WHAT IS NEEDED: Leaving out the images, return the data below exactly as it is written.

DATA:

◆ ◆ ◆ ◆ ◆

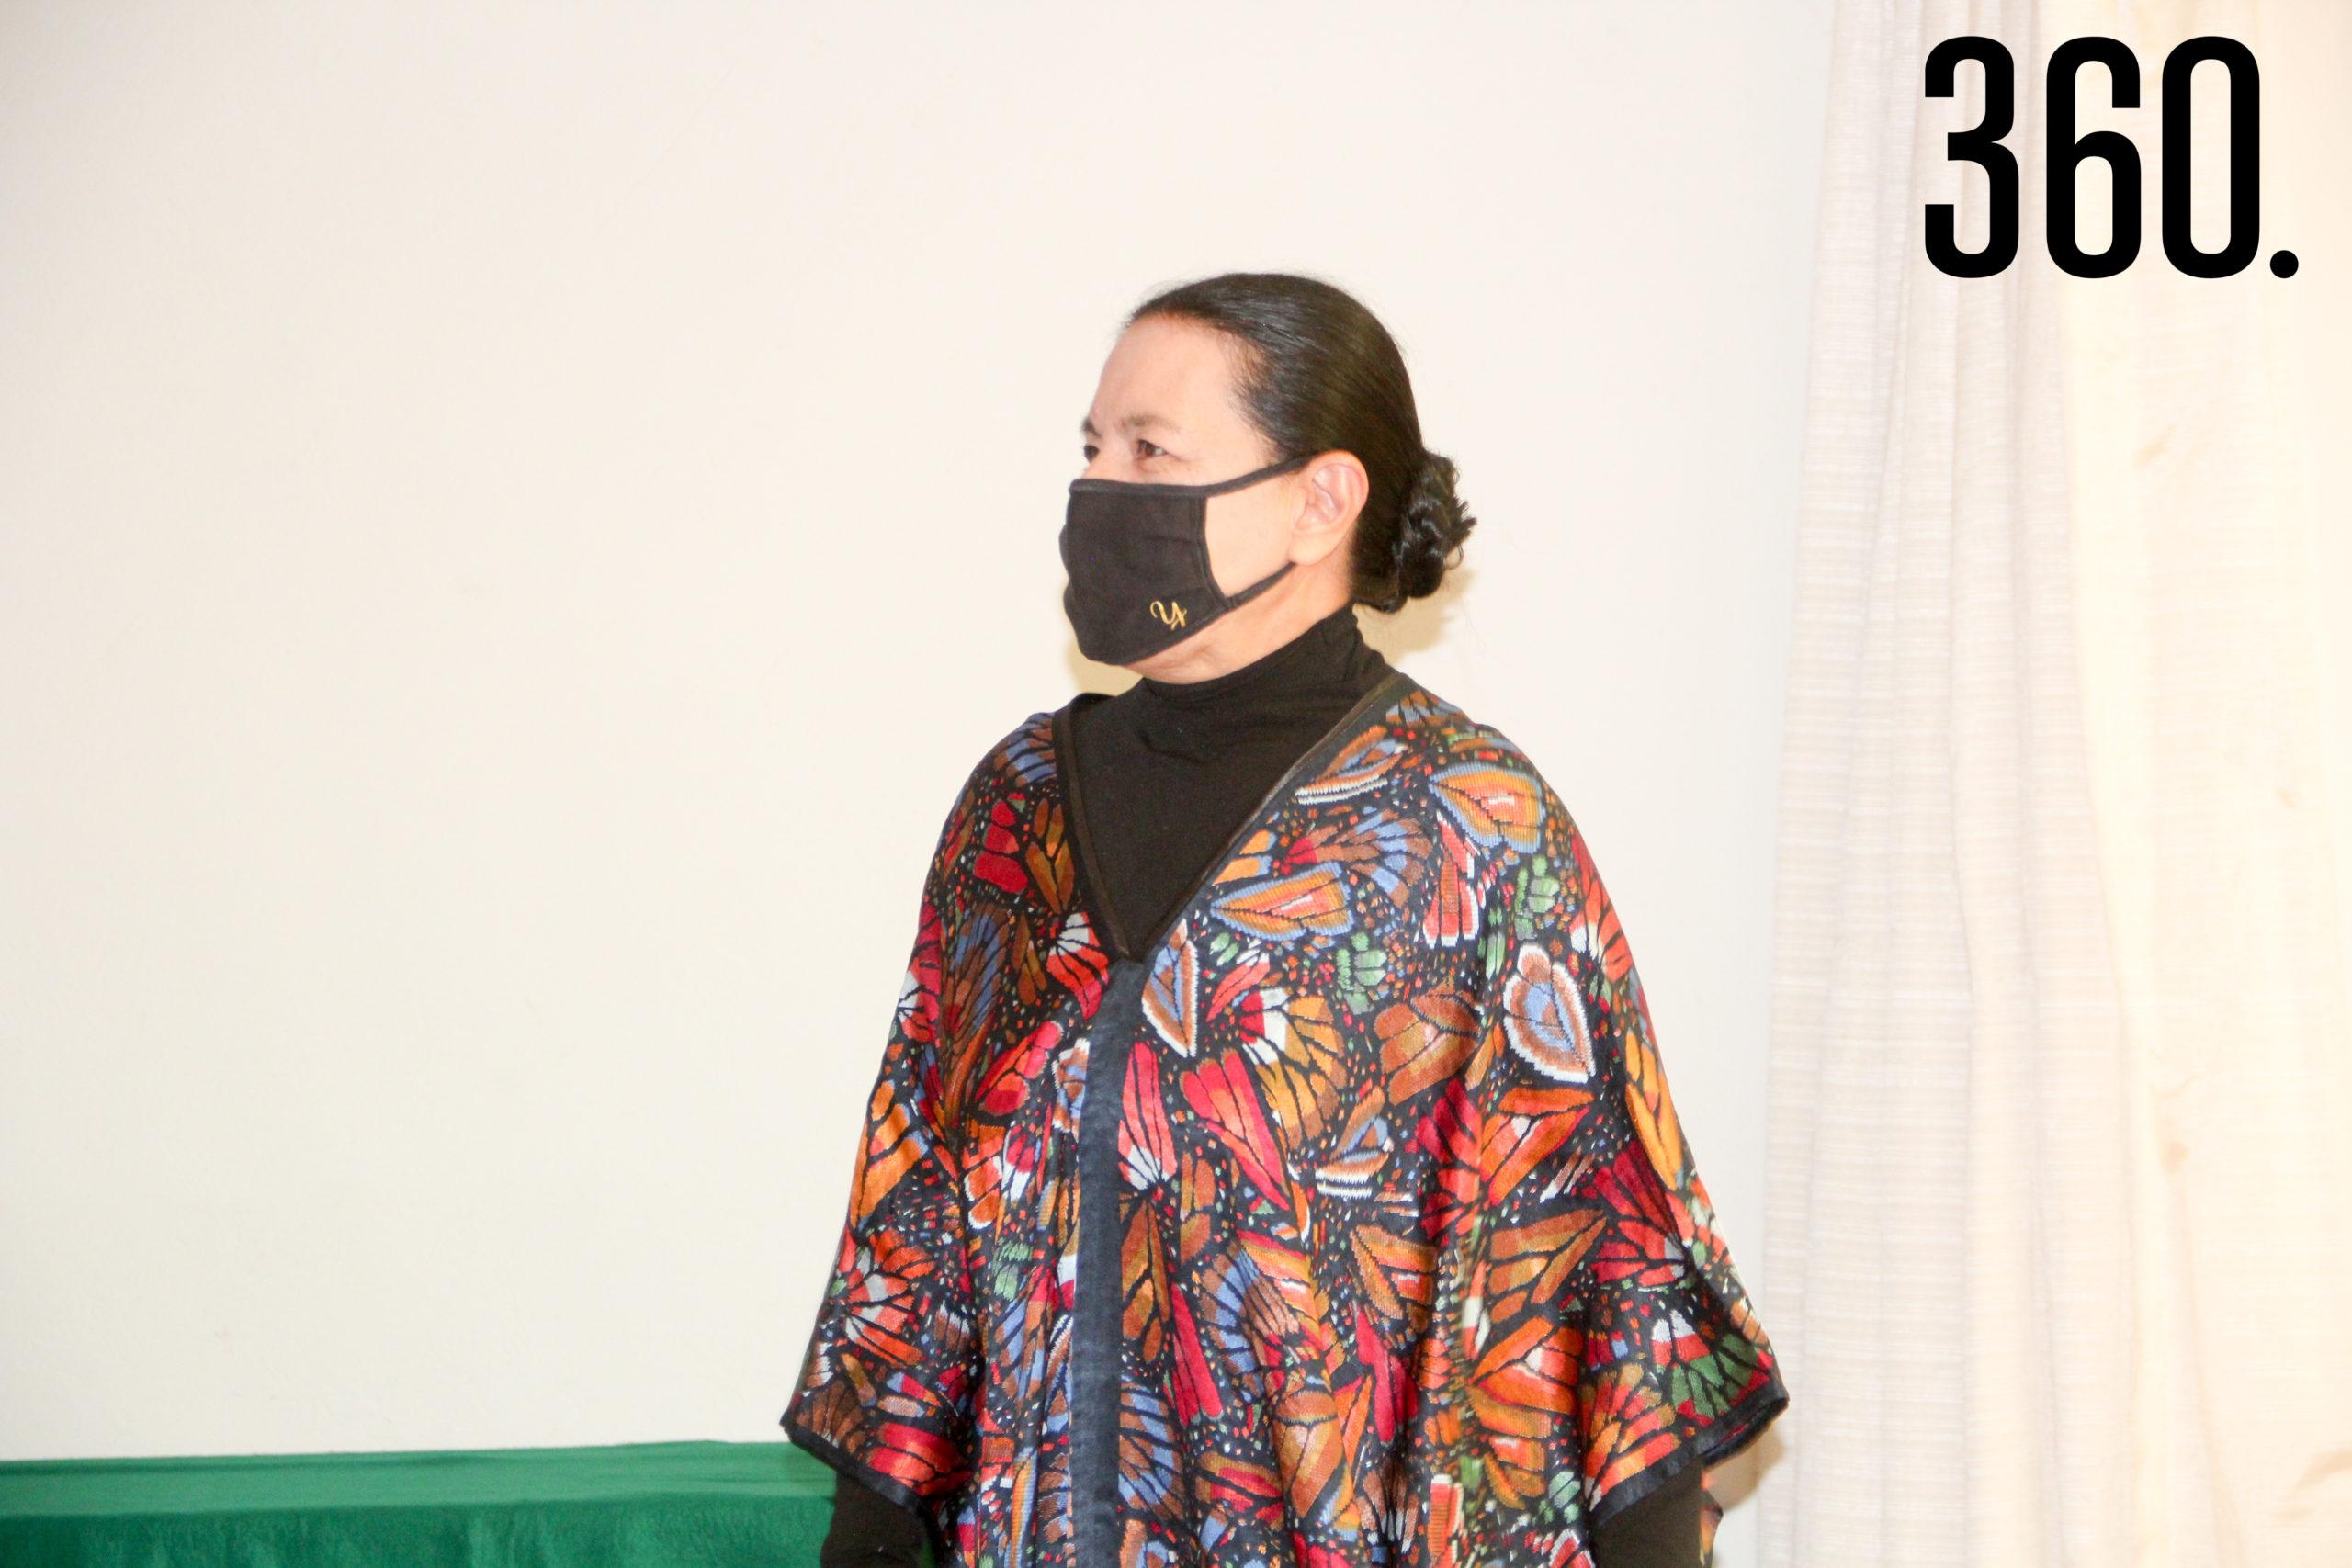 Dra. Yolanda Garza, premio anual al Profesor Distinguido.
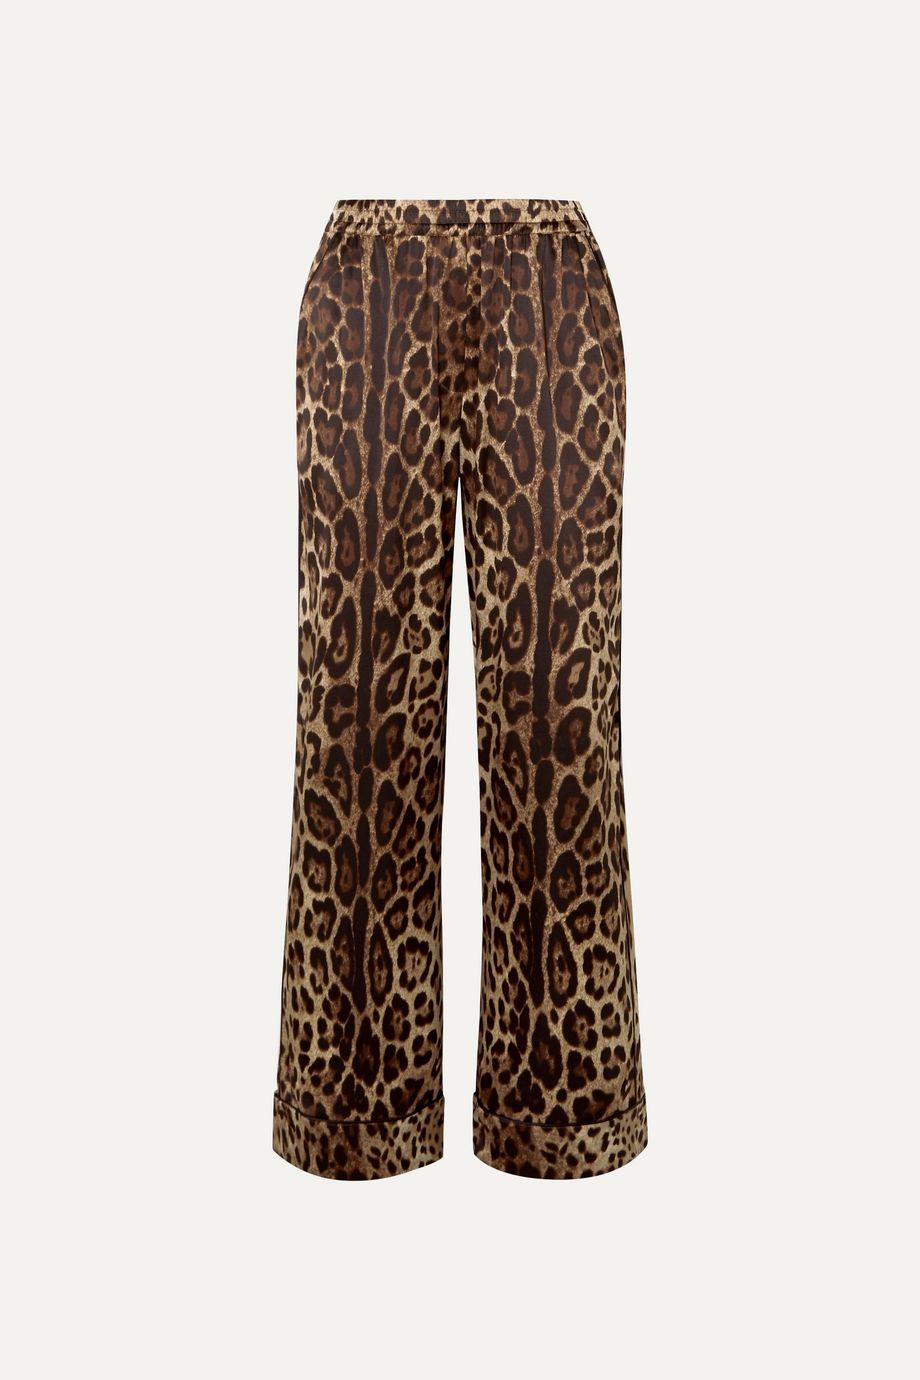 Dolce & Gabbana Leopard-print stretch-silk satin wide-leg pants
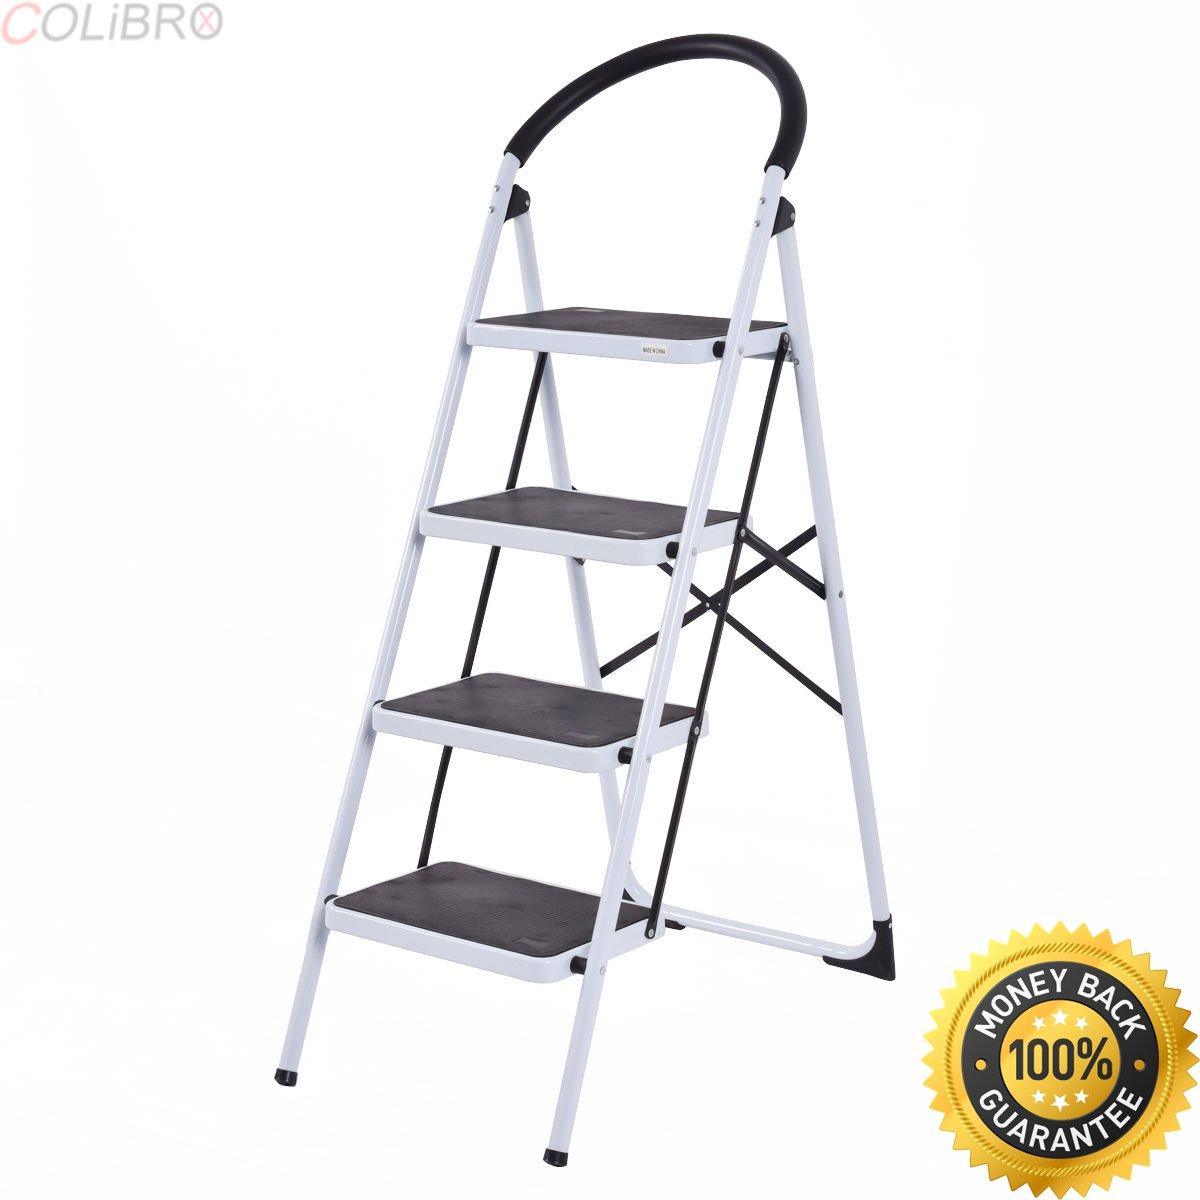 Pleasant Colibrox 4 Step Ladder Folding Stool Heavy Duty 330Lbs Inzonedesignstudio Interior Chair Design Inzonedesignstudiocom
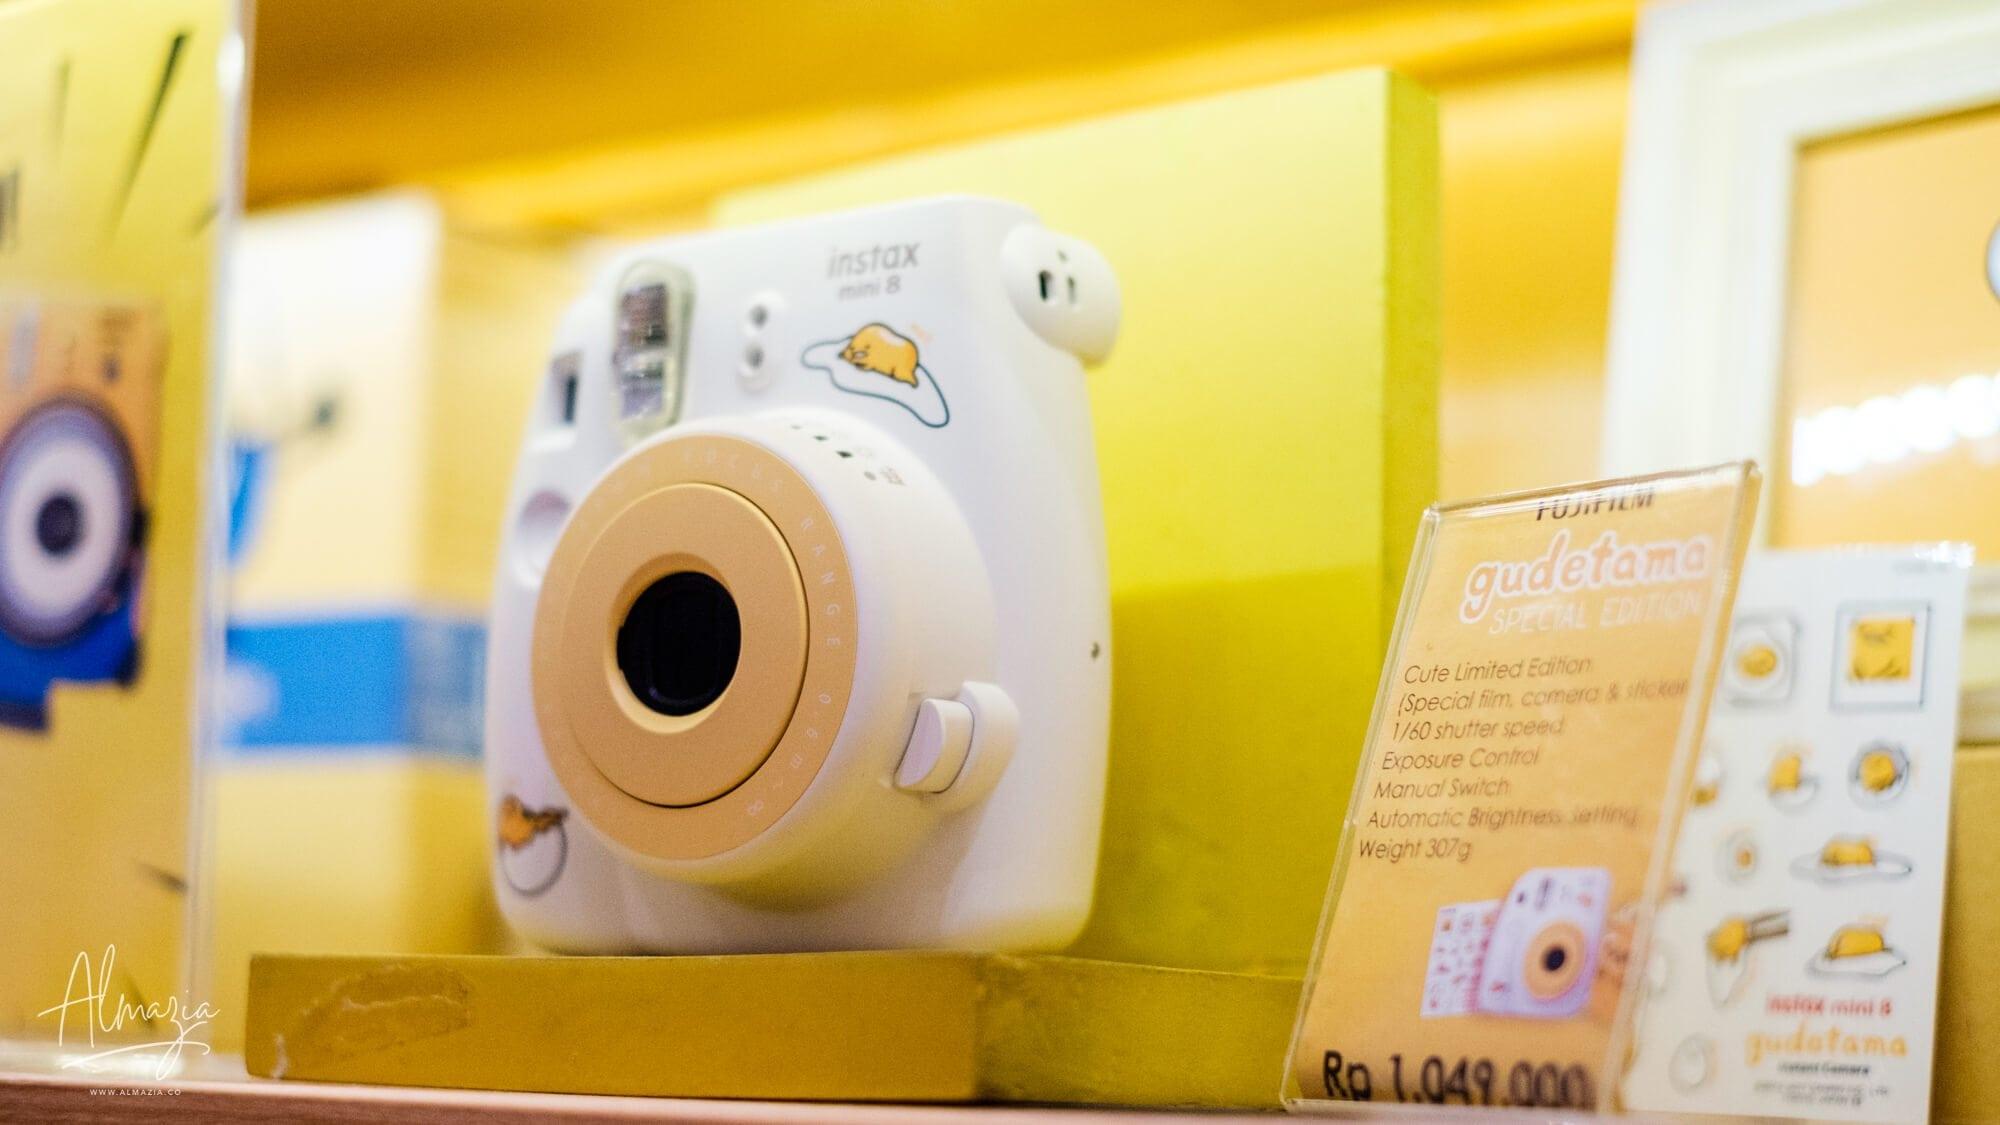 Kamera Fujifilm Instax Mini 8 Gudetama Special Edition

◆ ◆ ◆ ◆ ◆

ANSWER FOR THIS EXERCISE:
 Dra. Yolanda Garza, premio anual al Profesor Distinguido.
 Dolce & Gabbana Leopard-print stretch-silk satin wide-leg pants
 Pleasant Colibrox 4 Step Ladder Folding Stool Heavy Duty 330Lbs Inzonedesignstudio Interior Chair Design Inzonedesignstudiocom
 Kamera Fujifilm Instax Mini 8 Gudetama Special Edition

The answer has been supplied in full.